The 17605 / 17606 Kacheguda–Bhagat Ki Kothi Express is an express train belonging to South Central Railway zone that runs between the city Kacheguda of Telangana and Bhagat Ki Kothi of Rajasthan in India.

It operates as train number 17605 from Kacheguda to Bhagat Ki Kothi and as train number 17606 in the reverse direction, serving the states of Rajasthan, Madhya Pradesh, Maharashtra and Telangana.

== Services ==
• 17605/ Kacheguda–Bhagat Ki Kothi Express has an average speed of 44 km/h and covers 1949 km in 44h 10m.

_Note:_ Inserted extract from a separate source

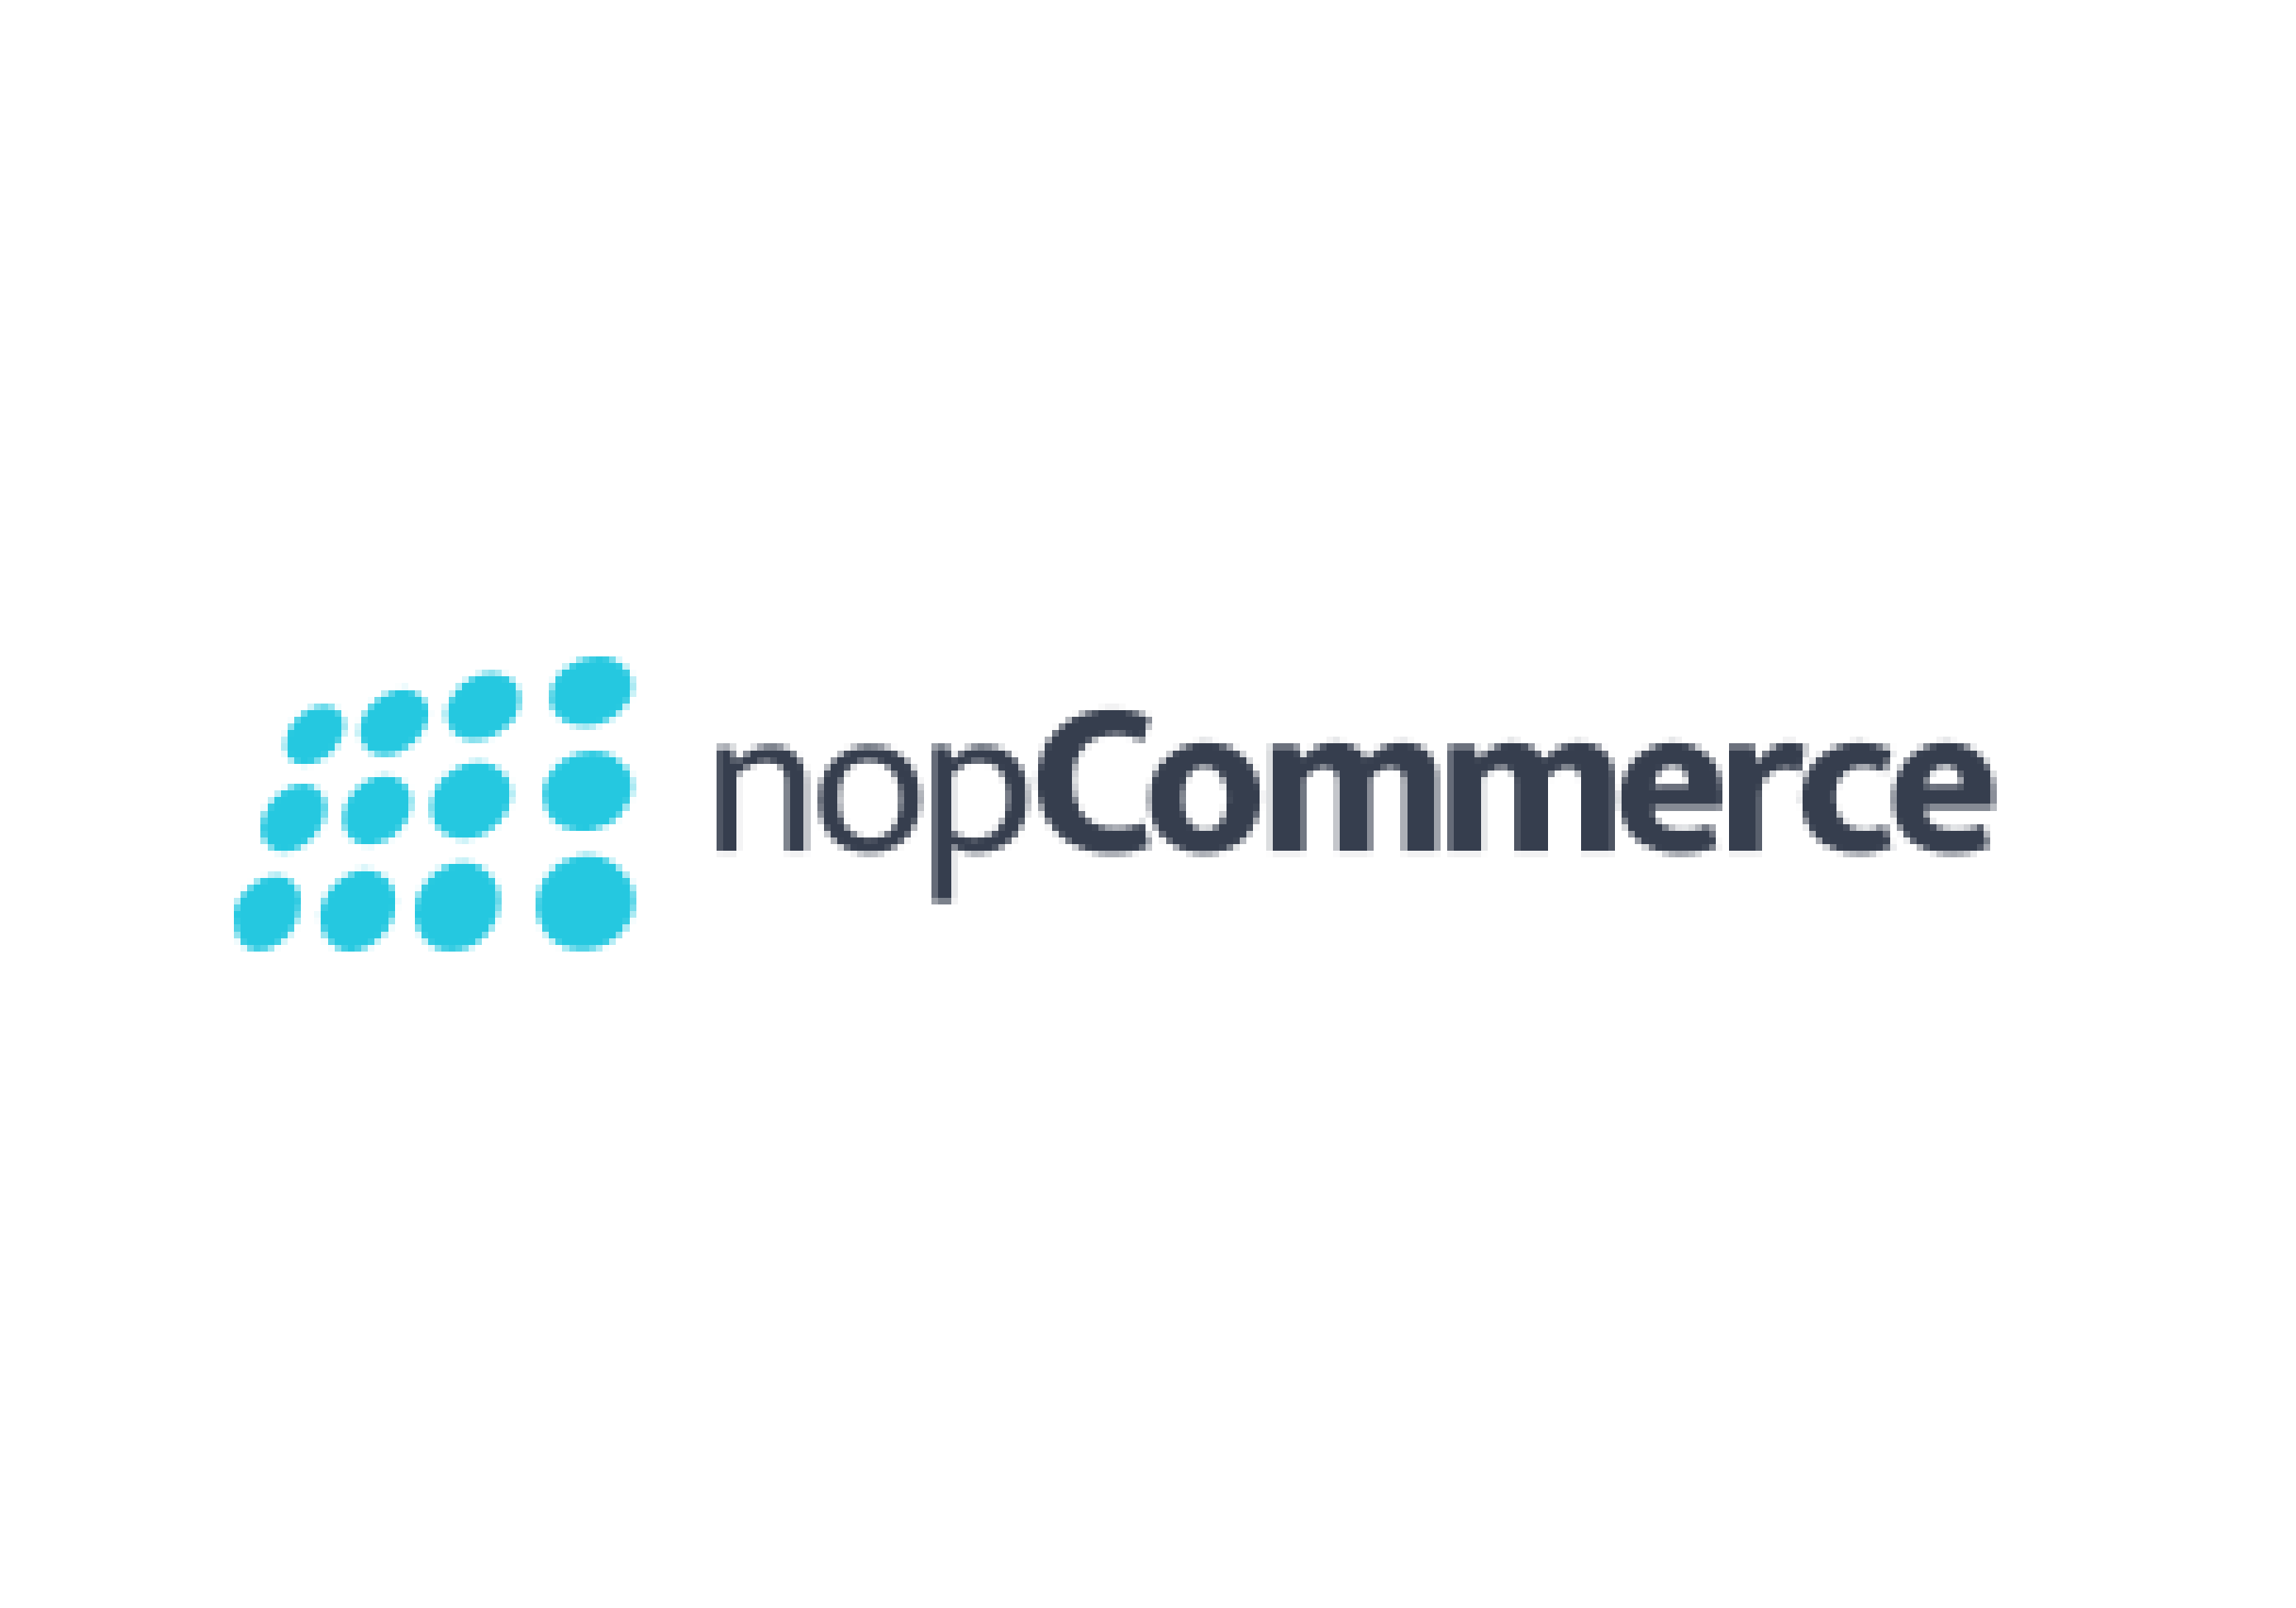 nop commerce processing integration

• 17606/ Bhagat Ki Kothi–Kacheguda Express has an average speed of 47 km/h and covers 1949 km in 41h 10m.

== Routes and halts ==
The Important Halts of the train are :

● Kacheguda

● Nizamabad Junction

● Hazur Sahib Nanded

● Purna Junction

● Hingoli Deccan

● Washim

● Akola Junction

● Malkapur

● Burhnapur

● Khandwa Junction

● Itarsi Junction

● Narmadapuram

● Rani Kamalapati

● Sant Hirdaram Nagar

● Sehore

● Maksi Junction

● Ujjain Junction

● Ratlam Junction

● Jaora

● Mandsor

● Neemuch

● Chittaurgarh Junction

● Bhilwara

● Bijainagar

● Nasirabad

● Ajmer Junction

● Beawar

● Sojat Road

● Marwar Junction

● Pali Marwar

● Bhagat Ki Kothi

== Schedule ==
• 17605 - 11:35 PM (Daily) [Kacheguda]

• 17606 - 10:30 PM (Daily) [Bhagat Ki Kothi]

== Coach composition ==

1. General Unreserved - 4
2. Sleeper Class - 7
3. AC 3rd Class - 7
4. AC 2nd Class - 2

== Traction ==
As the entire route is fully electrified it is hauled by a Bhagat Ki Kothi Loco Shed-based WAP-7 electric locomotive from Kacheguda to Bhagat Ki Kothi and vice versa.

== Rake reversal ==
The train will reverse 3 times :

1. Purna Junction
2. Ajmer Junction
3. Marwar Junction

== See also ==
Trains from Kacheguda :
1. Kacheguda—Manmad Ajanta Express
2. Kacheguda–Ashokapuram Express
3. Kacheguda–Yesvantpur Vande Bharat Express
4. Kacheguda–Madurai Weekly Express
5. Venkatadri Express
6. Kacheguda–Nagercoil Weekly Express

Trains from Bhagat Ki Kothi :

1. Bhagat Ki Kothi–Thiruchchirappalli Humsafar Express
2. Bhagat Ki Kothi–Ahmedabad Weekly Express
3. Bhagat Ki Kothi–Bilaspur Express
4. Bhagat Ki Kothi–Bandra Terminus Express (via Bhildi)
5. Bhagat Ki Kothi–Sabarmati Intercity Express

== Notes ==
a. Runs daily in a week with both directions.